A Convective Boundary Condition for the Navier-Stokes Equations: Existence Analysis and Numerical Implementations

TL;DR

This paper introduces a convective boundary condition for the Navier-Stokes equations that ensures solution existence and better captures fluid outflow, improving upon the traditional do-nothing boundary condition.

Contribution

It establishes existence and uniqueness results for Navier-Stokes systems with the new convective boundary condition and compares it numerically to the do-nothing condition.

Findings

Convective boundary condition guarantees existence of solutions.

Numerical examples show improved outflow modeling.

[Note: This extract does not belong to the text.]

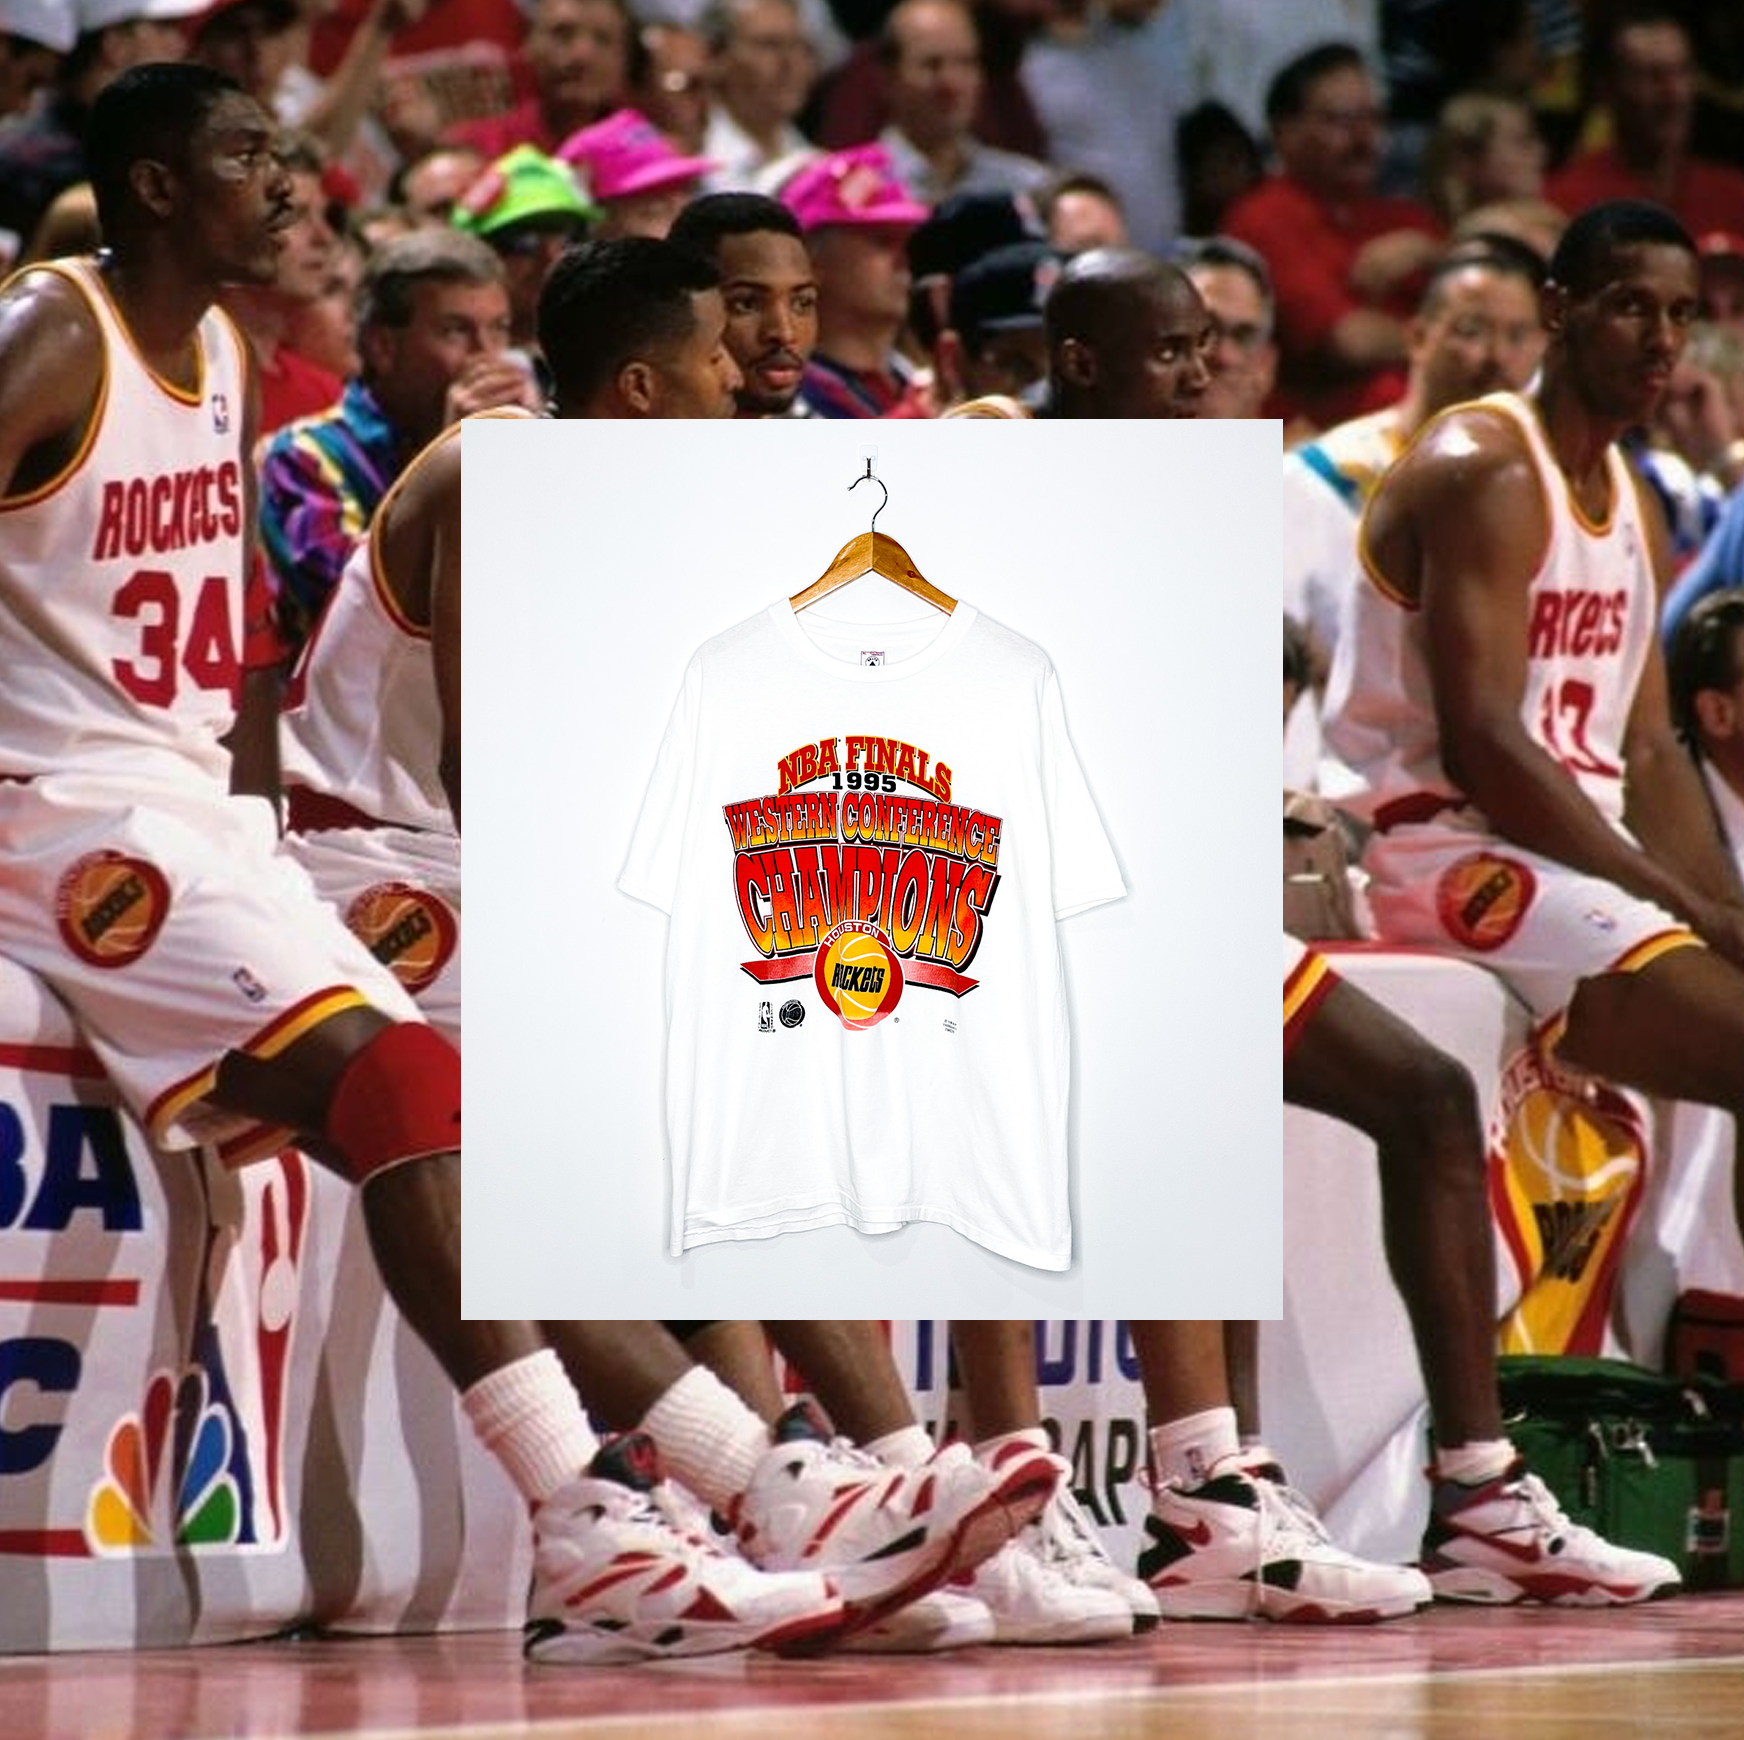 HOUSTON ROCKETS "1994 Western Conference Champions" VINTAGE TEE

Comparison indicates advantages over do-nothing condition.

Abstract

Due to computational complexity, fluid flow problems are mostly defined on a bounded domain. Hence, capturing fluid outflow calls for imposing an appropriate condition on the boundary where the said outflow is prescribed. Usually, the Neumann-type boundary condition called do-nothing condition is the go-to description for such outflow phenomenon However, such condition does not ensure an energy estimate for the Navier--Stokes equations - let alone establish the existence of solutions. In this paper, we analyze a convective boundary condition that will capture outflow and establish the existence of solutions to the governing equation. We shall show existence and uniqueness results for systems with mixed boundary conditions - Dirichlet condition and the convective boundary condition. The first system is a stationary equation where the Dirichlet condition is purely homogeneous, the other is where an input function is prescribed, and lastly a dynamic system with prescribed input function. We end by showing numerical examples to illustrate the difference between the current outflow condition and the usual do-nothing condition.